[GSOC 2018] Information gathering

Hello,

I'm Paul Semel, a French student in computer science. I am currently in my 4th year (1st year of graduate school) at EPITA and enrolled in the system and security laboratory of the school.

I would be very interested in working on a LLVM project during this GSoC. Implementing a PoC for an unsequenced modification checker in CSA helped me discover LLVM. However, I would like to dive deeper in this project.

I've seen some of the proposals, and I would like to ask a few questions about two of those.

As you might have guessed, I have some interest in the checker for dangling string pointers :

- Do you think it would help if I kept working on improving my unsequenced modification checker to get more familiar with Clang Static Analyzer ?

I'm also interested in the command line replacements for GNU Binutils :

- What tools would you like to replace in priority ?
- Does this subject imply to add options/features to some of the tools, or is it only about handling command line ?

Thank you very much,

Hey,

Hey, welcome!

I'm curious about the unsequenced modification checker, is it something that I should have seen but missed for whatever reason?

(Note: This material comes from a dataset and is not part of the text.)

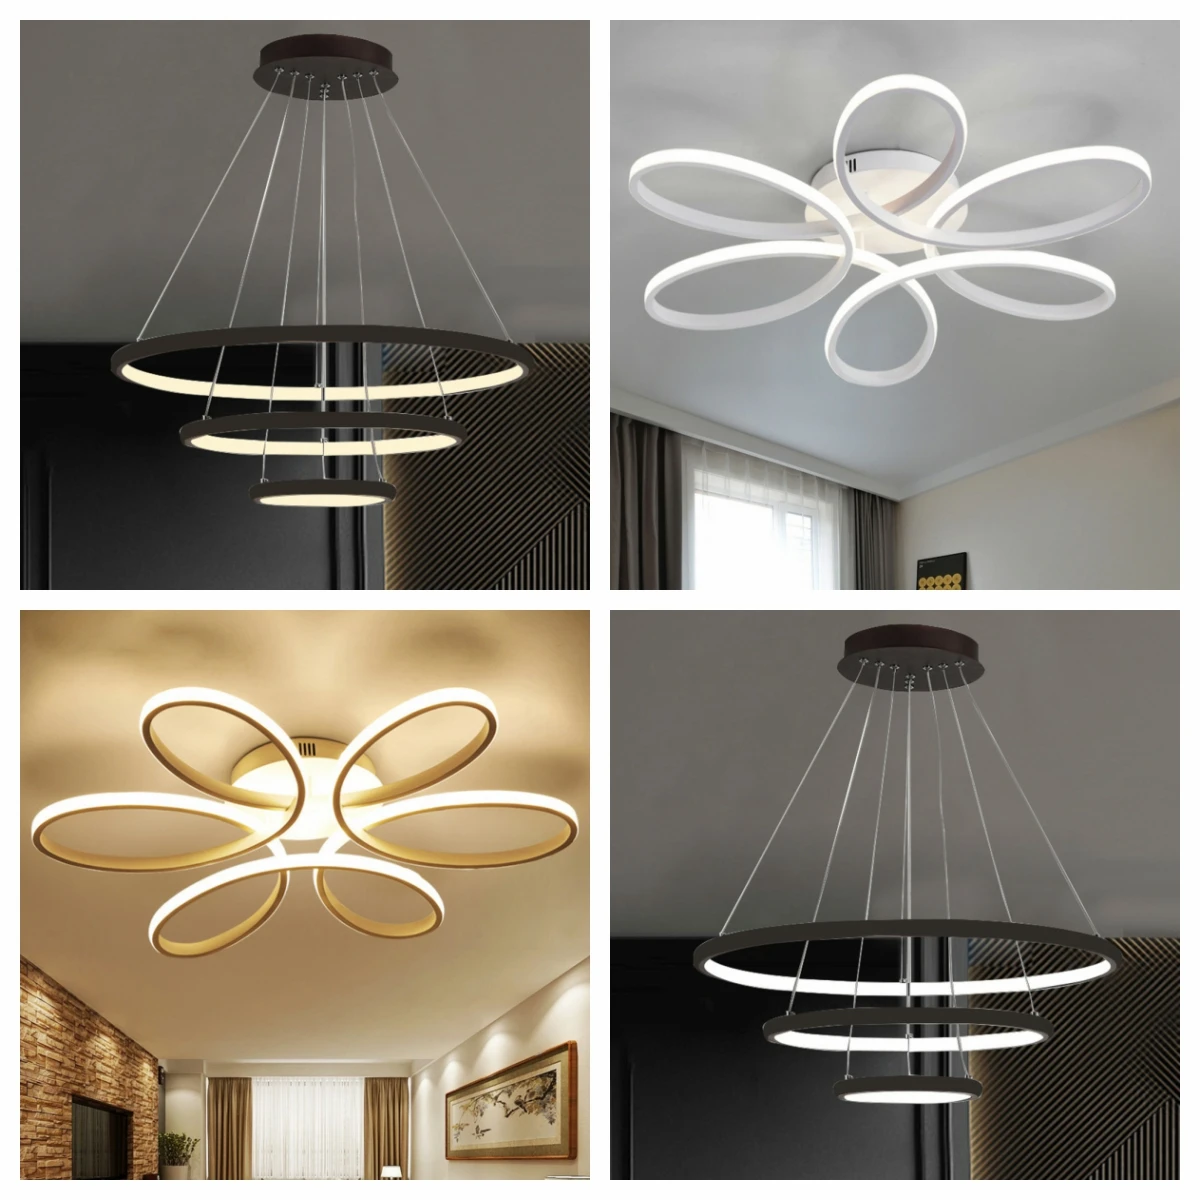 Ordic luxury hanging lamp ceiling lights for bedroom bedside home decoration chandelier thumb200

It might be useful, and I think I'm seeing why don't compiler warnings cover all cases, i.e. why the analyzer's path sensitivity would help here. But I can't answer until I see it :slight_smile: -eg. on our Phabricator.

We are currently having two confirmed mentors for the Analyzer for now (me and George), so we'd most likely be able to mentor one student each, for two projects, and it'd likely be the two projects we proposed - unless someone proposes something really interesting. And already two fairly motivated students have shown up here in the mailing lists, but this shouldn't stop you from posting your own proposal here in cfe-dev (most of the analyzer contributors aren't actively scanning llvm-dev, as far as I know).

I don't know much about the binutils replacement project; someone else should reply on that one.

A couple of words about the use-after-free-like checker for values managed by temporary objects (mostly strings) that go out of scope. Because internals of std::string and other similar classes are too hard for the analyzer's generic use-after-free checker to understand (mostly due to how hard it is to track STL's internal invariants, and how not all of the code is necessarily present in the header), an API-specific checker seems to be necessary. The original plan we've had in mind was to keep track of dangerous values like str.c_str() in the program state (similarly to how SimpleStreamChecker tracks file descriptors) and then see if any of them are still present in memory at the end of the original value's lifetime (similarly to how StackAddrEscape checker finds stack pointers at the end of a function's stack frame).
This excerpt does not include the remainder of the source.